Analyse and present data in various graphs using Python and relevant libraies

## Acknowledge

This data was initially featured in the following paper: Pace, R. Kelley, and Ronald Barry. "Sparse spatial autoregressions." Statistics & Probability Letters 33.3 (1997): 291-297.
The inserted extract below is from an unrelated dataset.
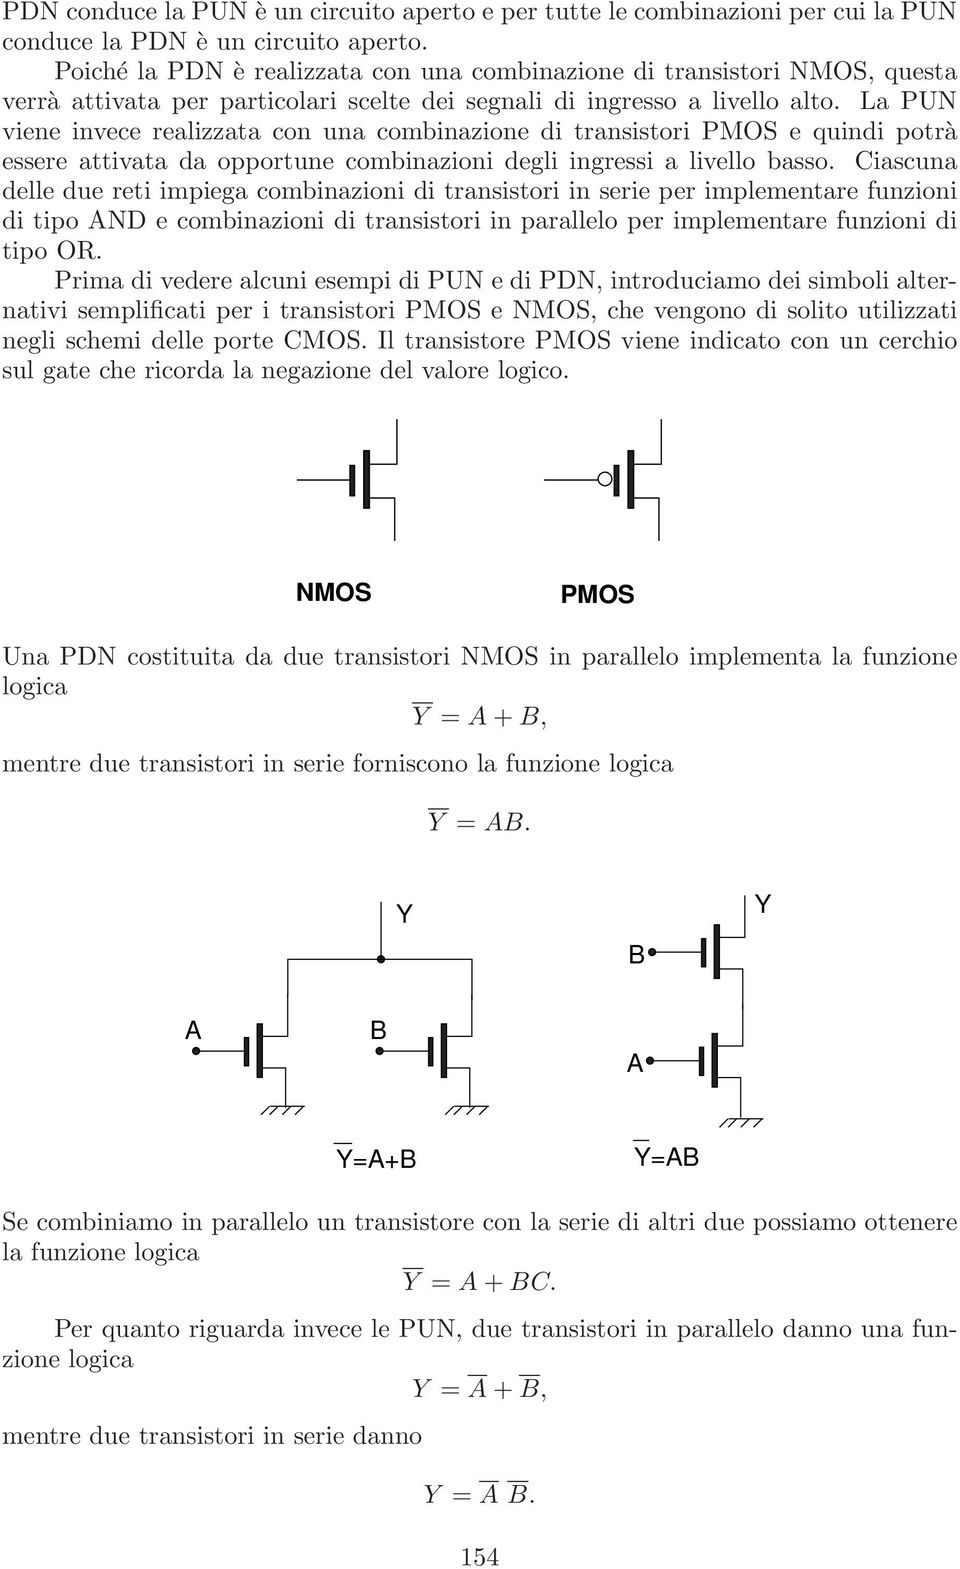 La PUN viene invece realizzata con una combinazione di transistori PMOS e quindi potrà essere attivata da opportune combinazioni degli ingressi a livello basso.

and I encountered it in 'Hands-On Machine learning with Scikit-Learn and TensorFlow' by Aurélien Géron. Aurélien Géron wrote: This dataset is a modified version of the California Housing dataset available from: Luís Torgo's page (University of Porto)

## Dataset Background

**California Housing Prices**
The data contains information from the 1990 California census. The data pertains to the houses found in a given California district and some summary stats about them based on the 1990 census data. It does provide an accessible introductory dataset for the basics of machine learning. 


About this file
1. longitude: longitude location
2. latitude: latitude location
3. housingMedianAge: Median age of a house **within a block**
4. totalRooms: Total number of rooms **within a block**
5. totalBedrooms: Total number of bedrooms **within a block**
6. population: Total number of people residing **within a block**
7. households: Total number of households, a group of people residing within a home unit, **for a block**
8. medianIncome: Median income for households within a block of houses **(measured in tens of thousands of US Dollars)**
9. medianHouseValue: Median house value for households within a block **(measured in US Dollars)**
10. oceanProximity: Location of the house away from ocean/sea

*Note: Califorrnia Population in 1990 is 29.95 million*

## Importing Dataset

In [None]:
# Importing libraries

import numpy as np # data processing
import matplotlib.pyplot as plt # Visualization
import seaborn as sns # Visualization
import folium # Visualization Map
from folium.plugins import HeatMap # Visualization Map
from mpl_toolkits.basemap import Basemap # Visualization Map


In [None]:
# Importing Data
import pandas as pd
house = pd.read_csv("../input/california-housing-prices/housing.csv")

## Analysing Dataset

In [None]:
# Basic information about dataset
print(house.describe())

In [None]:
# Find rows and columns from this dataset
# Display column info
print("The number of rows and columns: " + str(house.shape))
print('\nThe columns are: \n')
[print(i,end='.\t\n') for i in house.columns]

In [None]:
# Display the first five rows in the dataset
print(house.head())

In [None]:
# Display the last five rows in the dataset
print(house.tail())

In [None]:
# Show all information about this dataset, which are columns, data type, memory usage and so on.
print(house.info())

## Amending NULL Values

In [None]:
# Check any NULL value in the dataset
print(house.isnull().sum())

In [None]:
# Display NULL data value using heatmap
plt.figure(figsize=(15,8))
plt.title('Missing data')
plt.ylabel("Count")
house.isnull().sum().plot(kind= 'bar' )

In [None]:
# Fix NUll value
median = house["total_bedrooms"].median()
house["total_bedrooms"].fillna(median, inplace=True)
print(house.isnull().sum())

In [None]:
# Count dataset
print(house.count())

## Data Visualization

In [None]:
# histogram of each columns data
house.hist(bins=80, figsize=(15, 15))

In [None]:
# Pie chart to show ocean proximity value
plt.figure(figsize=(8, 8))
plt.title("Pie chart on ocean proximity value")
house['ocean_proximity'].value_counts().plot(kind = 'pie',colormap = 'jet')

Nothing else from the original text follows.